We need to repeat the same operations to the validation dataset.

In [None]:
x_val_num = x_val
x_val_num['Sex'] = x_val_num['Sex'].map({'male': 0, 'female': 1}).astype(int)
x_val_num = pd.get_dummies(x_val_num, prefix='FamilyType',columns=['FamilyType'],dtype=int)
x_val_num = pd.get_dummies(x_val_num, prefix='Embarked',columns=['Embarked'],dtype=int)
x_val_num = pd.get_dummies(x_val_num, prefix='TitleType',columns=['TitleType'],dtype=int)
x_val_num = pd.get_dummies(x_val_num, prefix='Pclass',columns=['Pclass'],dtype=int)
print(x_val_num.info())

y_val_num = y_val.astype(int)

# Support Vector Machines

Let's classify first with SVMs.  That means finding the best weights, bias and support vectors in the training dataset.  This is done easily using sklearn:

In [None]:
from sklearn import svm

classifier = svm.SVC(kernel="rbf", gamma=0.5, probability=True)
classifier.fit(X_train_num, Y_train_num)  # here is where the magic happens ;-)


## Evaluate the fit

Now let's see how the model works for the data we kept apart:

In [None]:
score = classifier.score(x_val_num, y_val_num)
print('Accuracy: ',score)

Not that good, eh?  

## Sometimes less is more!
Let's try with less variables.  We learnt that Sex, Age and Pclass were very strongly correlated to Survived in the previous tutorial... Let's see if this works better:

In [None]:
X_train_small = X_train_num.loc[:,['Sex', 'Age', 'Pclass_1', 'Pclass_2', 'Pclass_3']]
x_val_small = x_val_num.loc[:,['Sex', 'Age', 'Pclass_1', 'Pclass_2', 'Pclass_3']]
classifier.fit(X_train_small, Y_train_num)  # here is where the magic happens ;-)
score = classifier.score(x_val_small, y_val_num)

print('Accuracy: ',score)

This shows that more data/more features is not always better!!

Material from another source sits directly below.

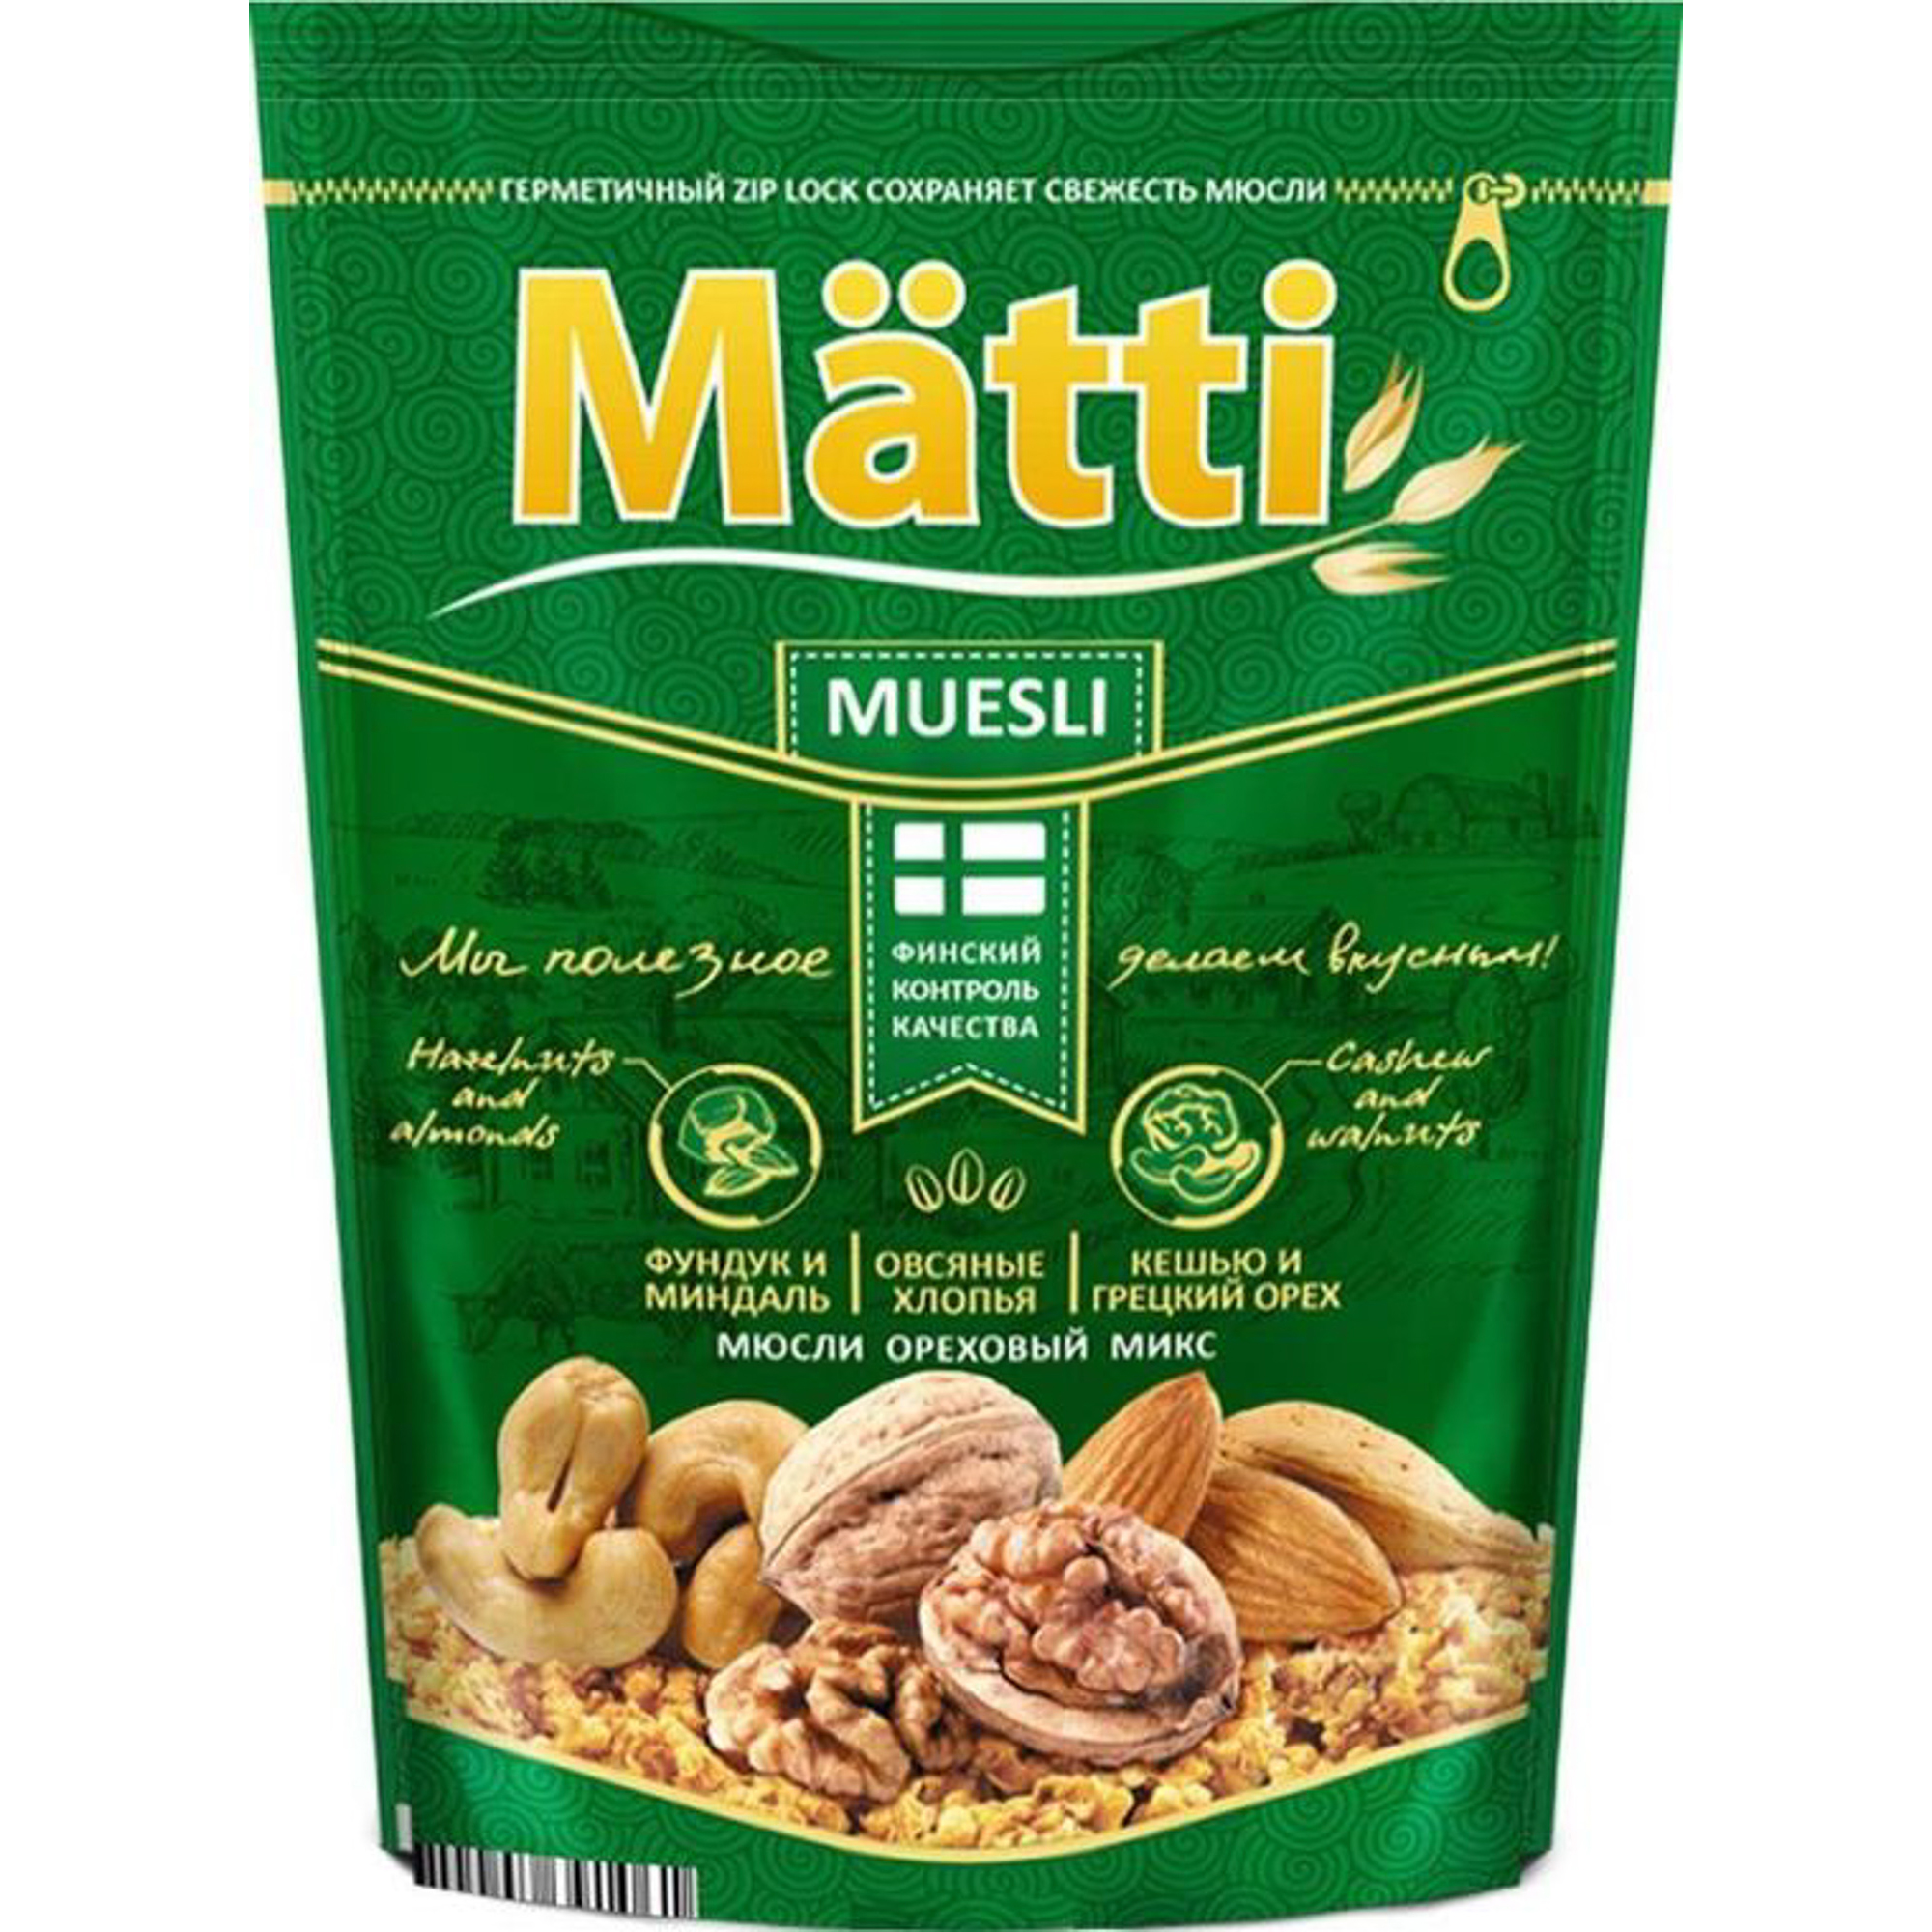 Мюсли Matti ореховый микс 250 г мюсли metro chef хрустящие с кусочками фруктов 1 кг

# Random Forest Classifiers

Let's explore now random forest classifiers.  
Let's choose 100 trees in the forest and to keep out-of-the-bag score for an idea of how well the training went.


In [None]:
from sklearn.ensemble import RandomForestClassifier

rf = RandomForestClassifier(n_estimators=100, oob_score=True)
rf.fit(X_train_num, Y_train_num.astype(int))

## Evaluate the fit

In [None]:
from sklearn import metrics
y_pred = rf.predict(x_val_num)

print( f'Accuracy: {metrics.accuracy_score(y_val, y_pred)}')

What about having less features?

In [None]:
rf_small = RandomForestClassifier(n_estimators=100, oob_score=True)
rf_small.fit(X_train_small, Y_train_num.astype(int))
y_pred = rf_small.predict(x_val_small)

print( f'Accuracy: {metrics.accuracy_score(y_val, y_pred)}')

In this case, the performance was not better with less figures. Trees are able to 'squeeze' more information from the other dimensions!  At the same time, you need to be more aware of overfitting!

## Feature importances
Another great feature of RFC is that you can investigate which features were used more frequently, which you could use to make the trees simpler.  Let's see this for the first forest we trained.

In [None]:
rf.feature_importances_

Let's visualise them:

In [None]:
feature_imp = pd.Series(rf.feature_importances_, index=X_train_num.columns).sort_values(ascending=True)
feature_imp.plot(kind='barh')

# Other classification metrics
We can use classification_report() to get a summary of most common classification metrics.  Let's see these metrics for the RFCs:

In [None]:
y_pred = rf.predict(x_val_num)
print(metrics.classification_report(y_val, y_pred))

You can find information on these metrics in the scikit-learn documentation: https://scikit-learn.org/stable/modules/model_evaluation.html#classification-metrics 

We are done for today!